MyMmZeroMemory(&SData, sizeof(My_DRV_DATA));

statusOfCM = g_MyDrvData.MyCMGetData(pFName, &SData);

if(NT_SUCCESS(statusOfCM)){ // Okay so the name is a match, lets
modify the contents

pCurrFInfoObj->EndOfFile = SData.EmulationSize;
pCurrFInfoObj->AllocationSize.QuadPart =
ROUND_UP(SData.EmulationSize.QuadPart, pFltContext->VolInfo.FSClusterSize);
MyDrvTrace(My_TRACELEVEL_MED,
(“File : %ws Located, Modifying EOF to : 0x%I64x,
AllocSize : 0x%I64x\n”,
pFName,
pCurrFInfoObj->EndOfFile.QuadPart,
pCurrFInfoObj->AllocationSize.QuadPart));

}

// We need to free this immediately, as the next file name will
need fresh allocation
MyMmFreeMemory(pFName, MyLAT_DIRCTLOP_POOL_TAG);

// Move the current pointer
pCurrFInfoObj = pNextFInfoObj;
}while (nextOffset !=0);

Exit:

return status;
}

[SN]That still doesn’t explain why you cast to the wrong type?
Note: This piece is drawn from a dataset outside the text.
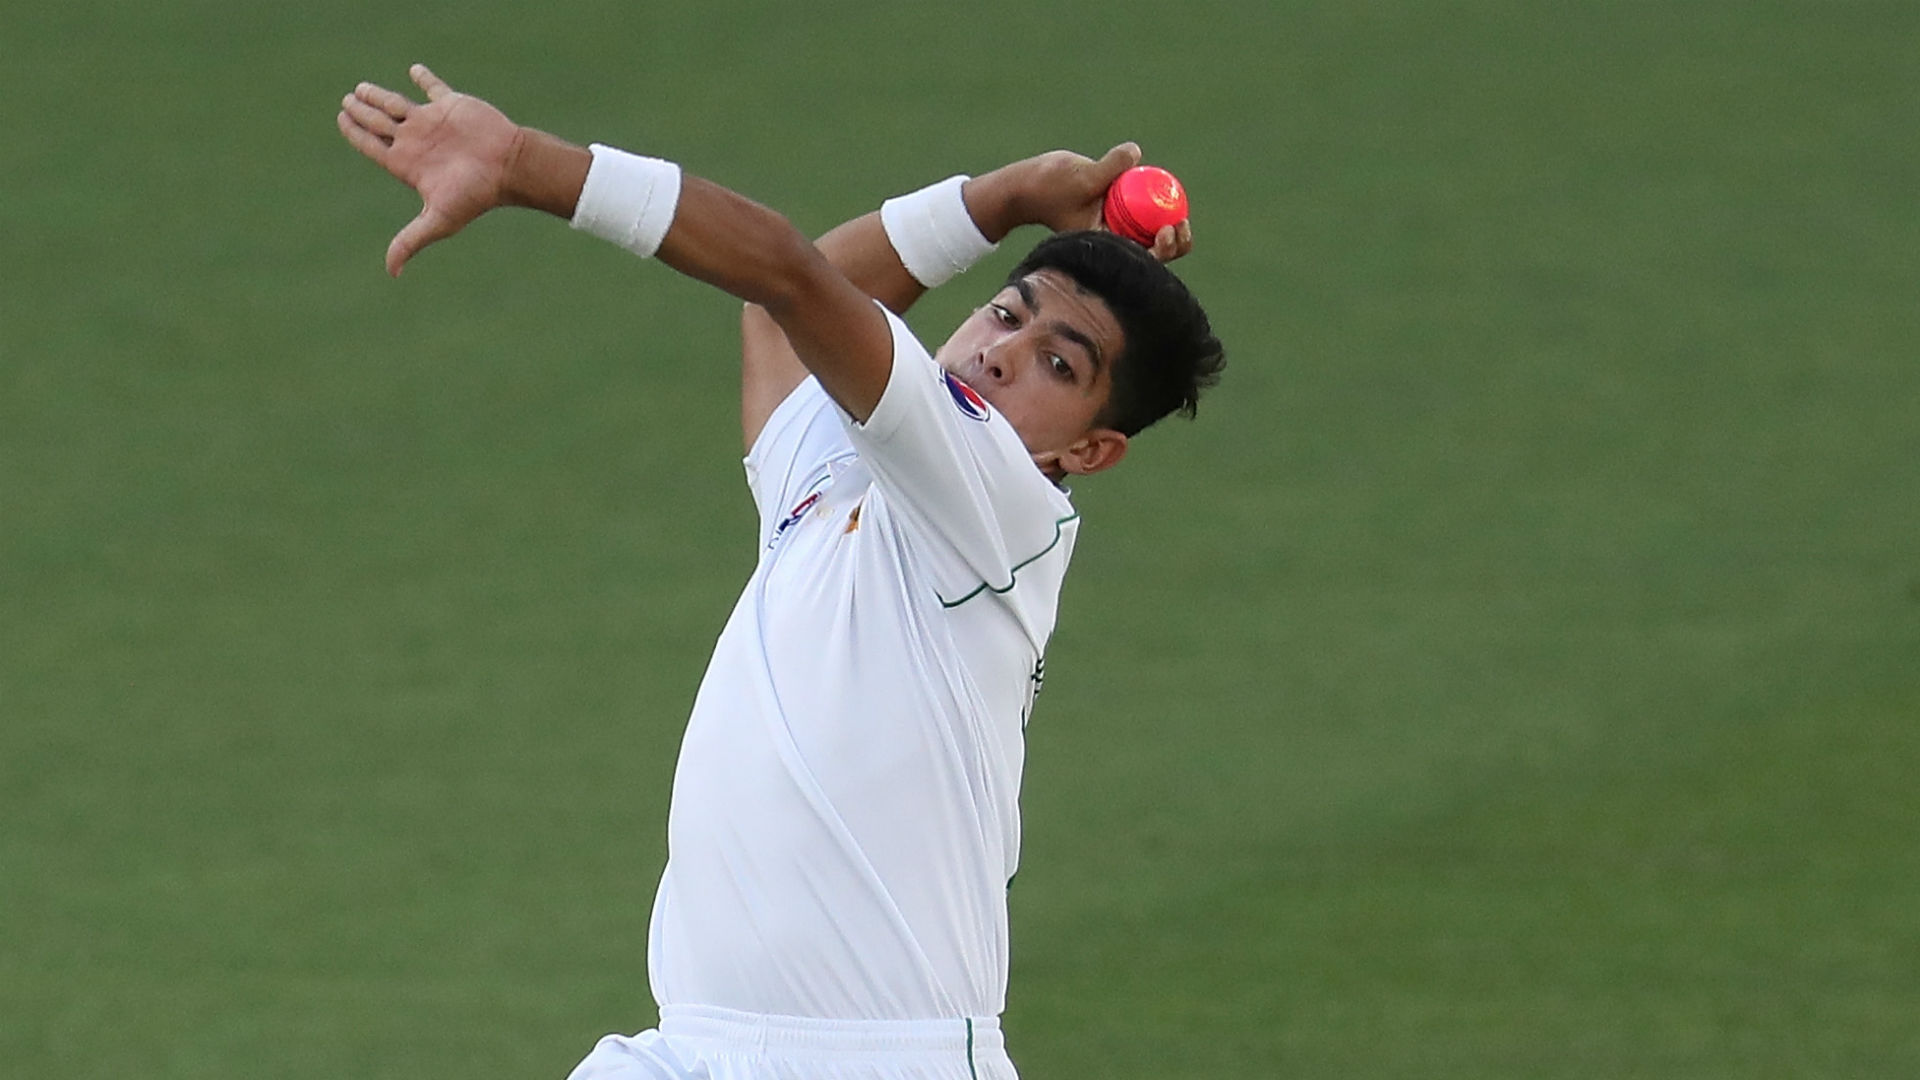 At 16 years of age, promising bowler Naseem Shah will be given a chance to show what he can do on the global stage for Pakistan.

[AP] my CVS file history tells me that the original writer copied some code from this link, though it does something different. i guess this is where it came from?

http://www.cnblogs.com/js2854/archive/2010/11/03/HideDir.html

That code is wrong. The FileName field is at different offsets in these two
structures, so you’re not getting the right name if you use the wrong
structure. IIRC Vista did start using FileIdBothDirectoryInformation more
heavily, though it’s still possible to see FileBothDirectoryInformation.

-scott
OSR

wrote in message news:xxxxx@ntfsd…

[SN]That still doesn’t explain why you cast to the wrong type?
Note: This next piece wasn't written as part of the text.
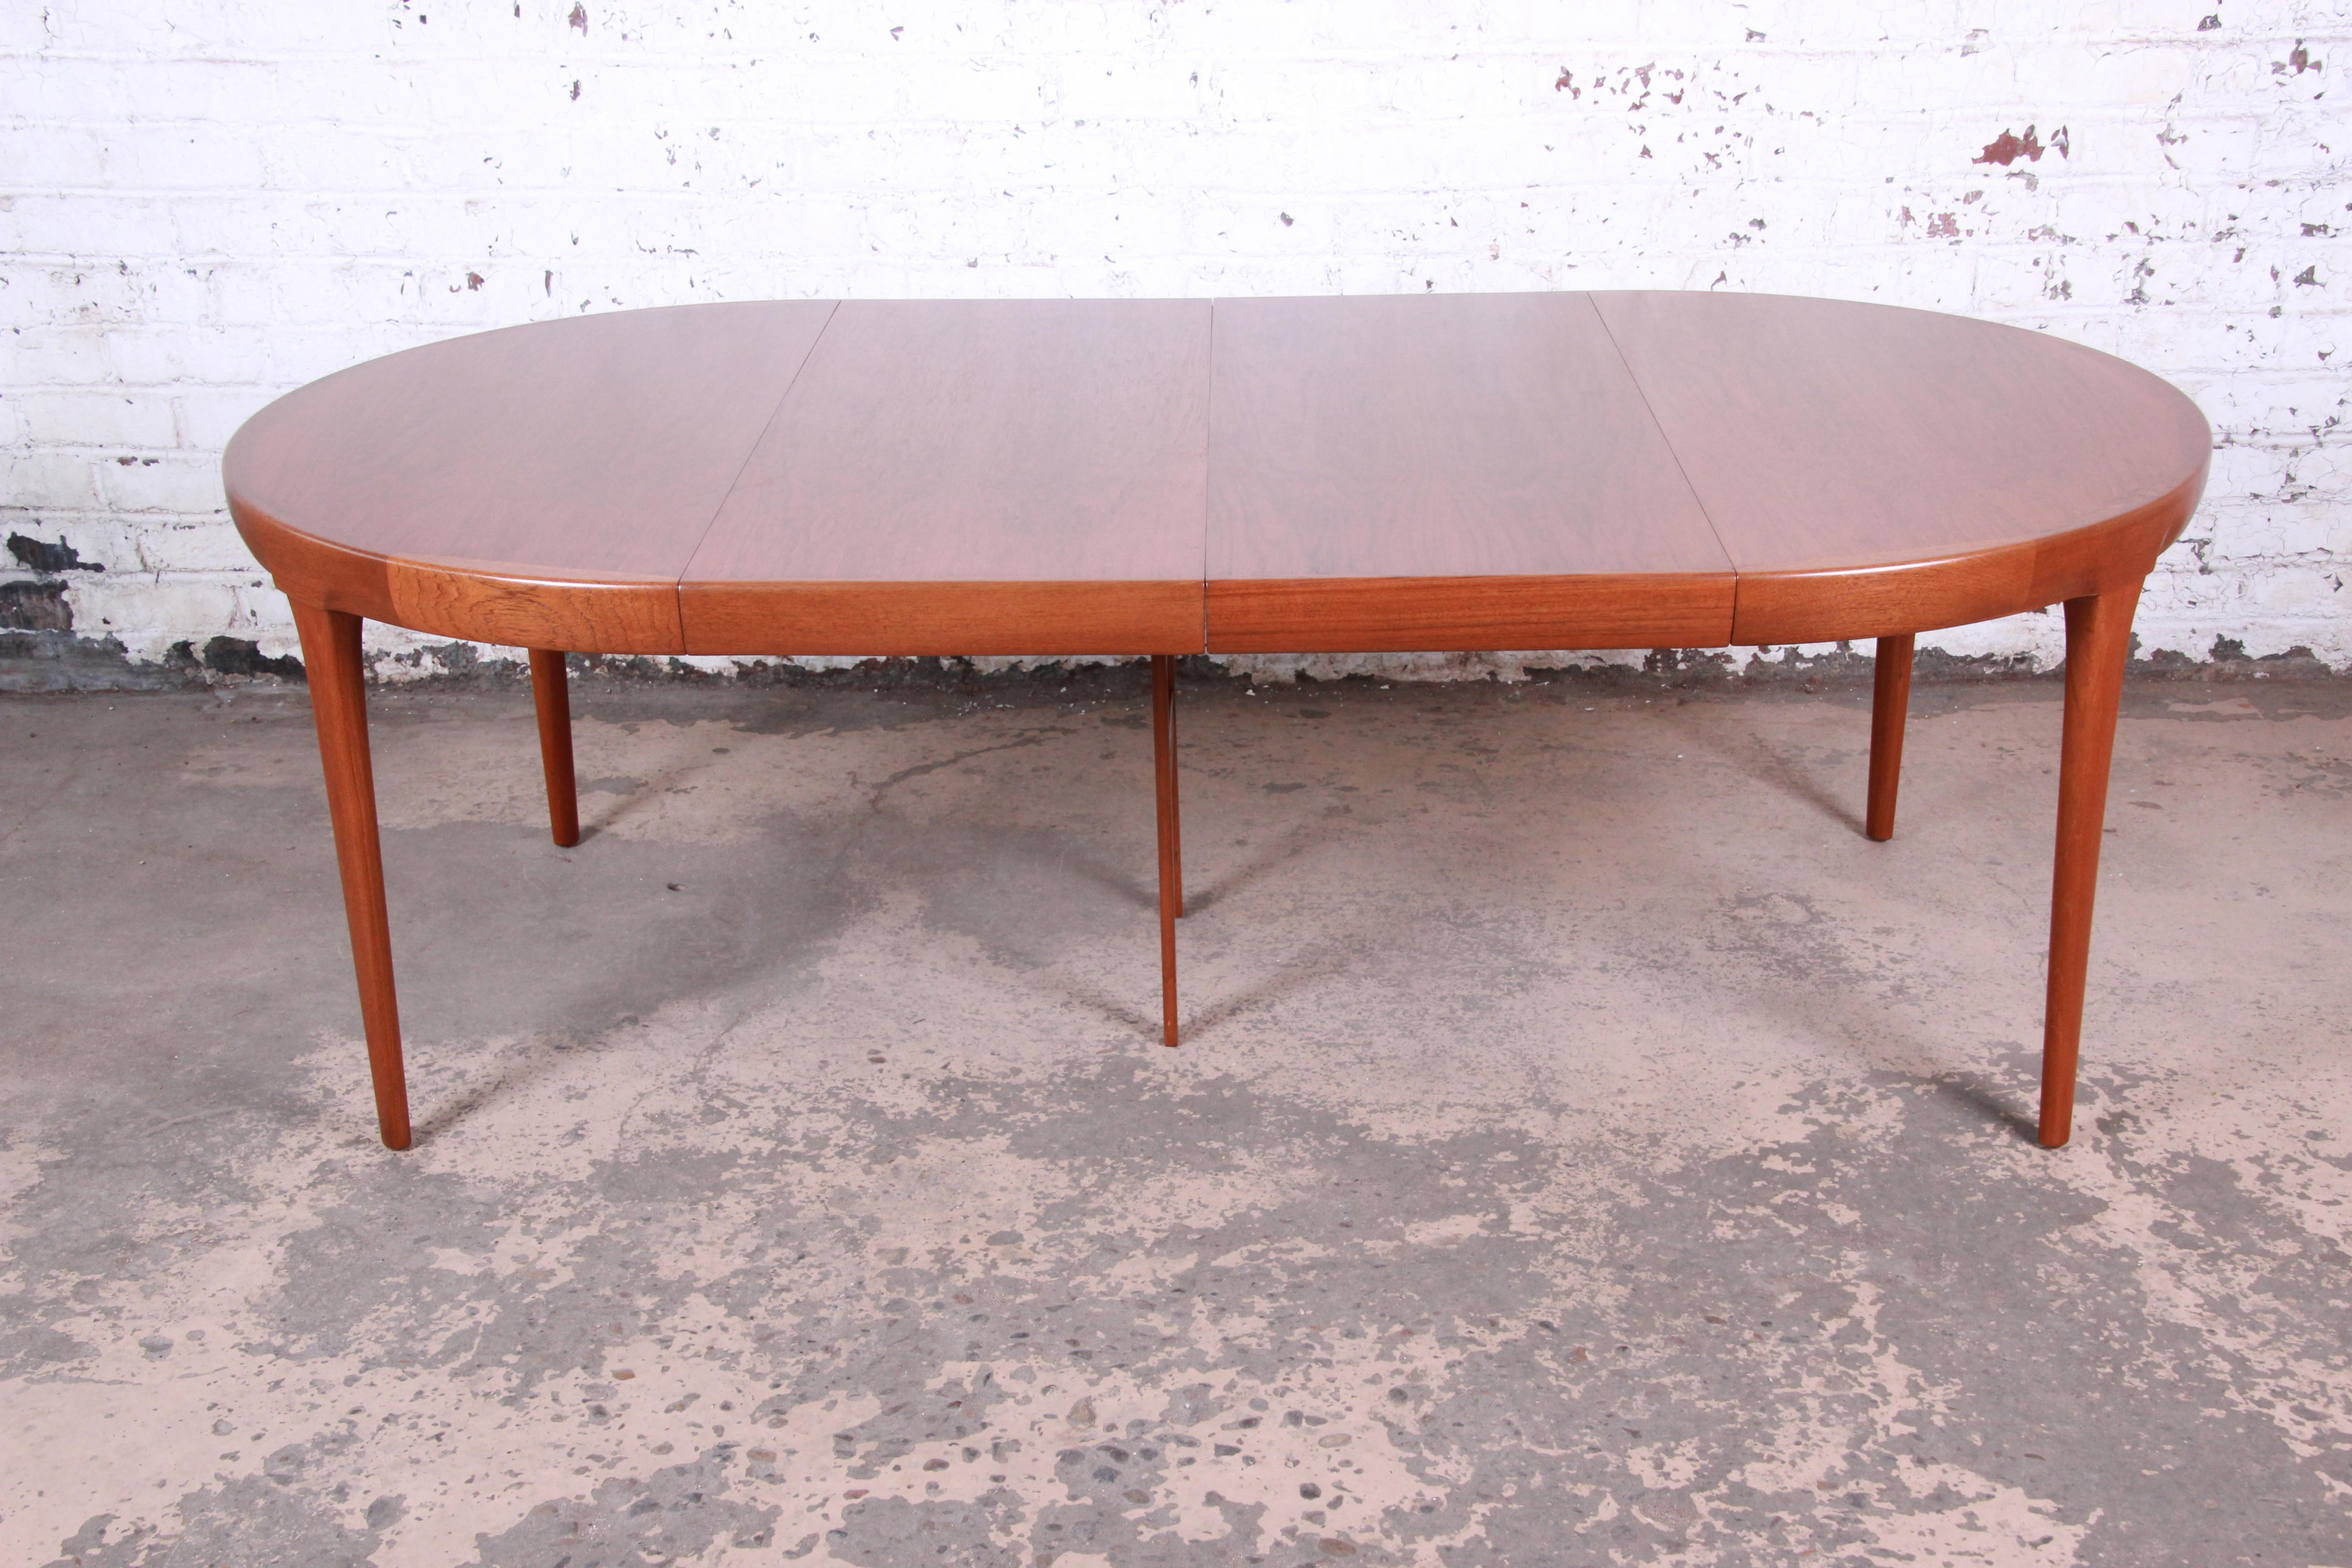 An exceptional midcentury Danish modern teak extension dining table designed by Ib Kofod-Larsen for Faarup Møbelfabrik. The table features gorgeous teak wood grain with solid sculpted teak legs and sleek Scandinavian design. Made in Denmark, circa

[AP] my CVS file history tells me that the original writer copied some code
from this link, though it does something different. i guess this is where it
came from?

http://www.cnblogs.com/js2854/archive/2010/11/03/HideDir.html

[SN]That code is wrong. The FileName field is at different offsets in these two structures, so you’re not getting the right name if you use the wrong structure. IIRC Vista did start using FileIdBothDirectoryInformation more heavily, though it’s still possible to see FileBothDirectoryInformation.

[AP] Yes indeed that was the problem!!! Thank you so much for your patience, and for helping me! I am grateful.